The Post and Courier
Friday, April 25, 2008


HOLLYWOOD —For the last six months, the only public road into the Rantowles Shores neighborhood has been impassable. Residents reach their homes via a one-mile detour that includes a private dirt road.

At first it was only an annoyance. The constant coat of dust or mud on his car caused Mike Musgrove to stop washing it.

Then it became frightening. Scottie Warren recalls feeling helpless as she stood on one side of the huge hole in Waldon Road watching an ambulance that was trying to reach a neighbor, who had broken a hip, on the other side of the hole.
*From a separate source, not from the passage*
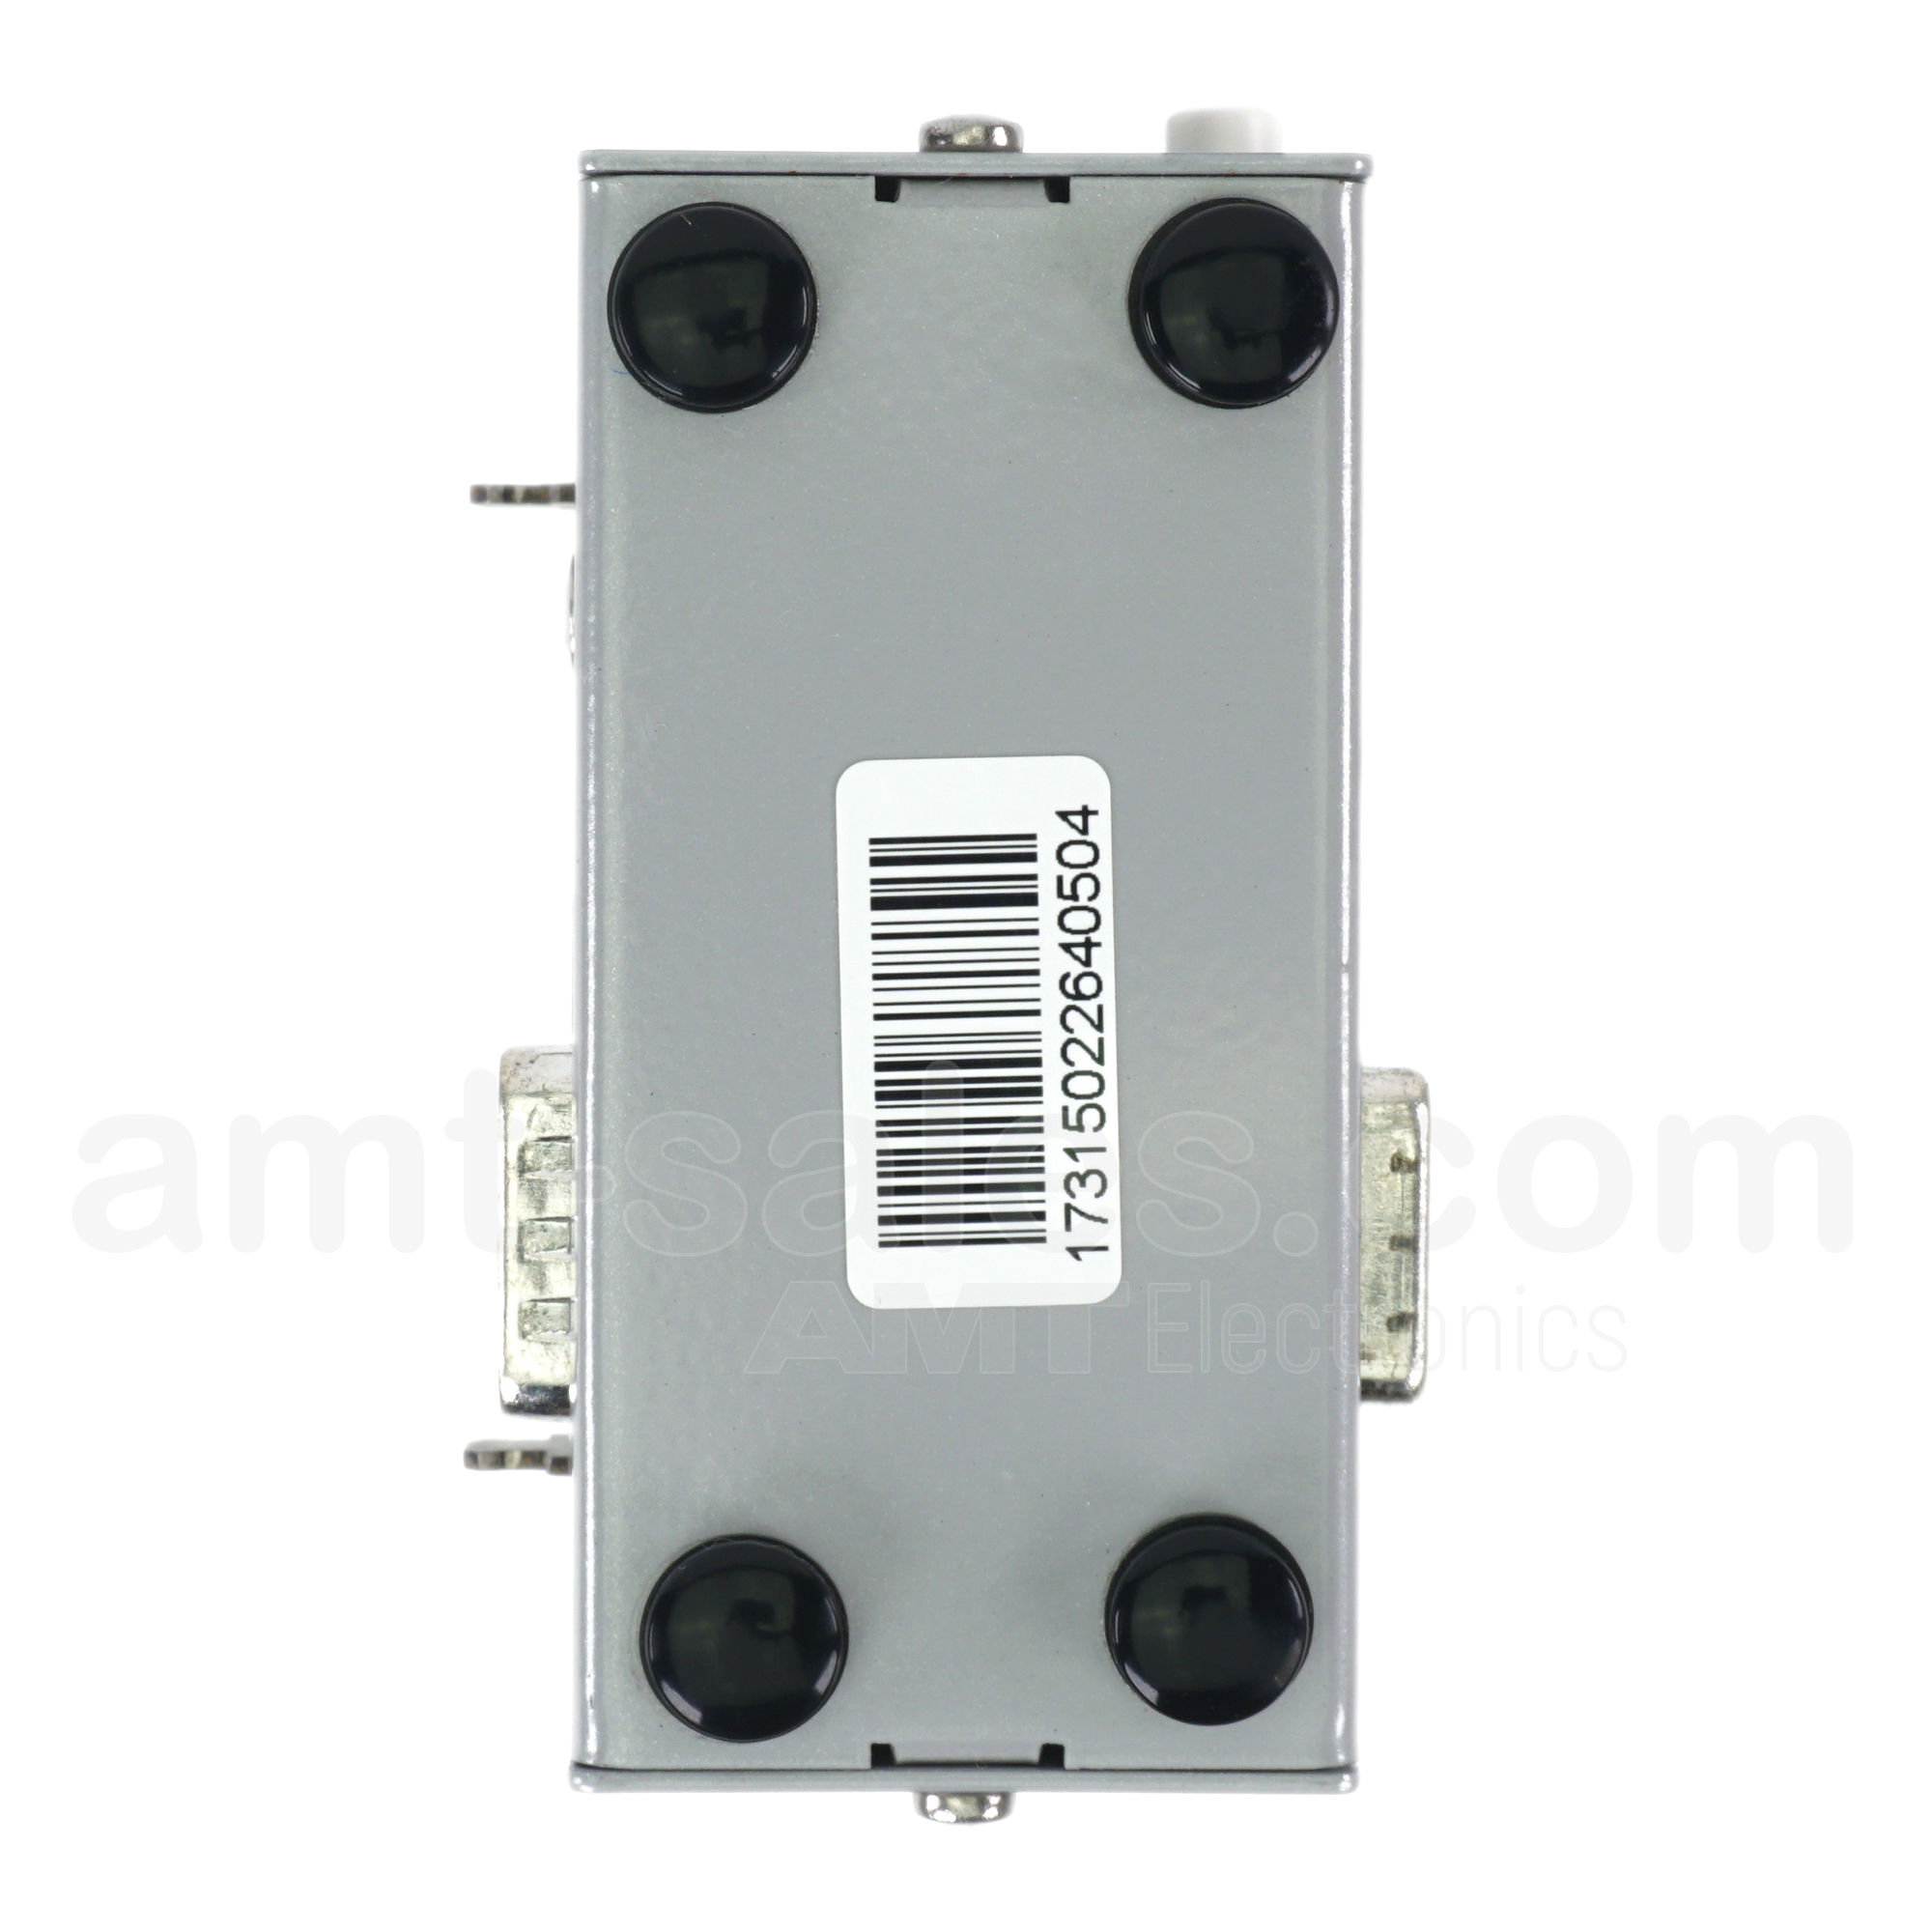 AMT SOW PS DC-9V 1x700mA - power supply module

Warren said EMS has gotten lost twice trying to reach her neighborhood in recent months.

Now some residents are wondering if the promised help will ever come. "We just feel like we're being neglected," said Marilyn Musgrove.

"Everybody comes, everybody looks, and we never see them again," Warren said.
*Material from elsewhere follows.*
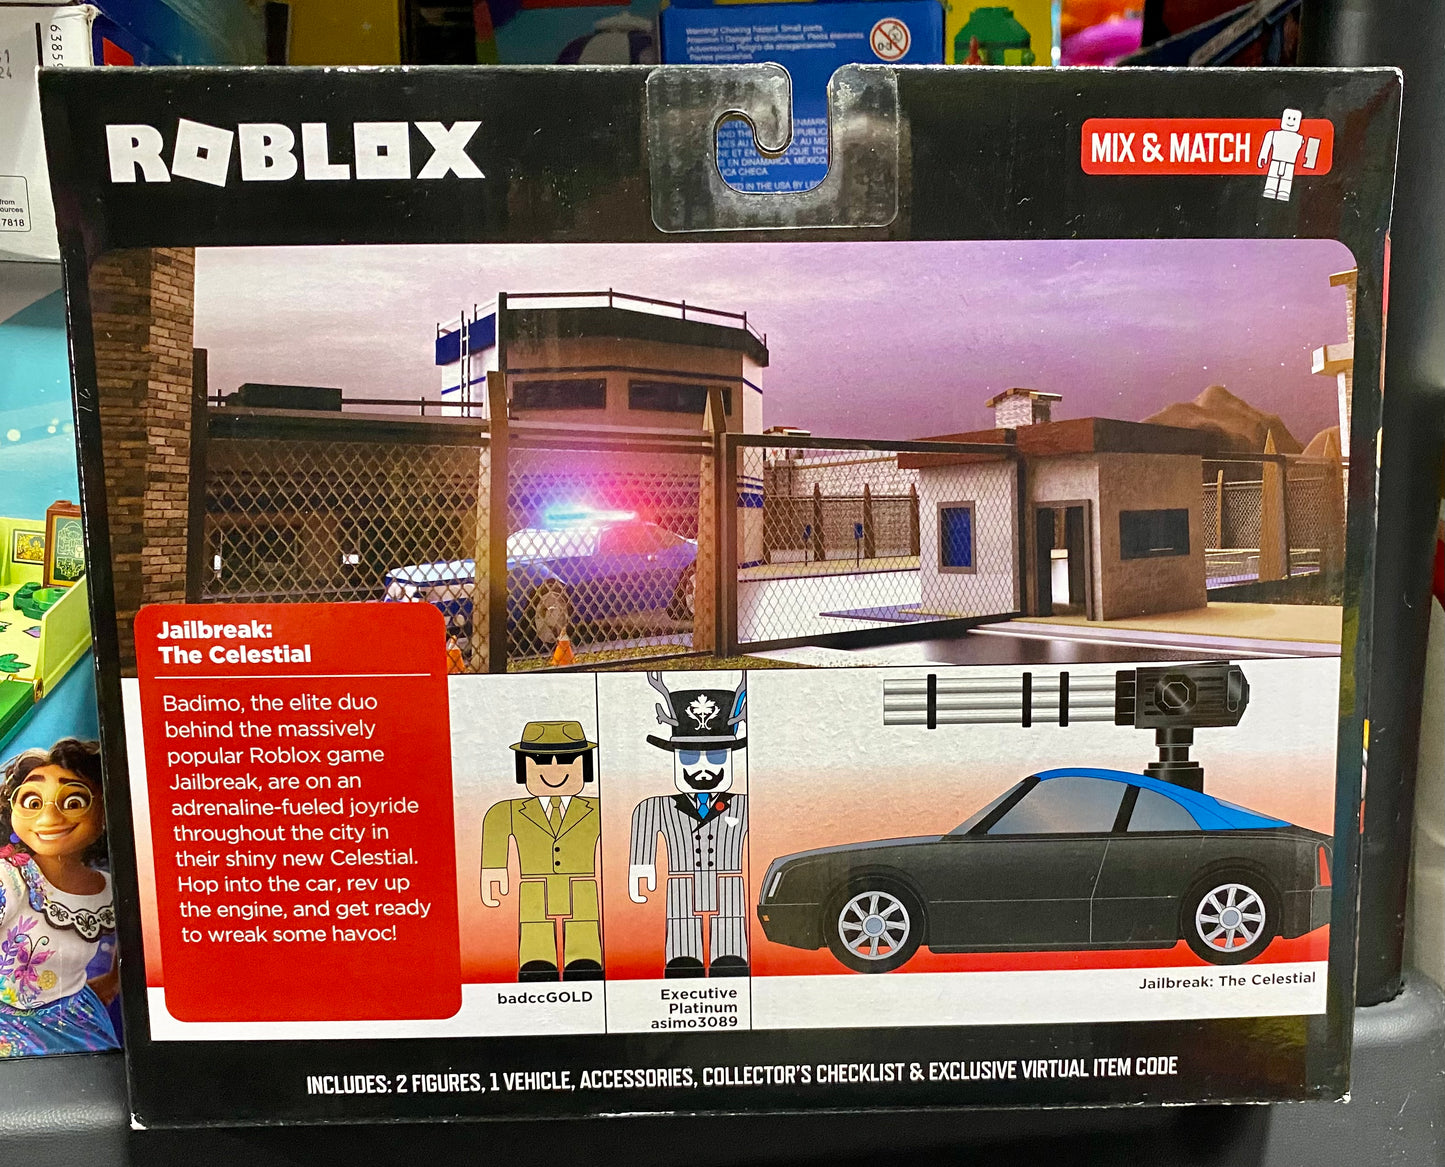 Roblox Jailbreak: The Celestial Deluxe Vehicle Exclusive Virtual Item Included

The edge of Waldon Road began eroding where it crosses a canal in September, according to Marilyn Musgrove. An orange cone was placed in the hole, and then dirt was brought in to fill it. But the hole kept growing.

In late October, the road collapsed due to "a major failure" in a 36-inch pipe that ran underneath, wrote J. Michael Black, district maintenance engineer for S.C. Department of Transportation, in a letter to state Rep. Robert Brown. The pipe was intended to allow tidal flow under the road, which intersects Savannah Highway in Hollywood.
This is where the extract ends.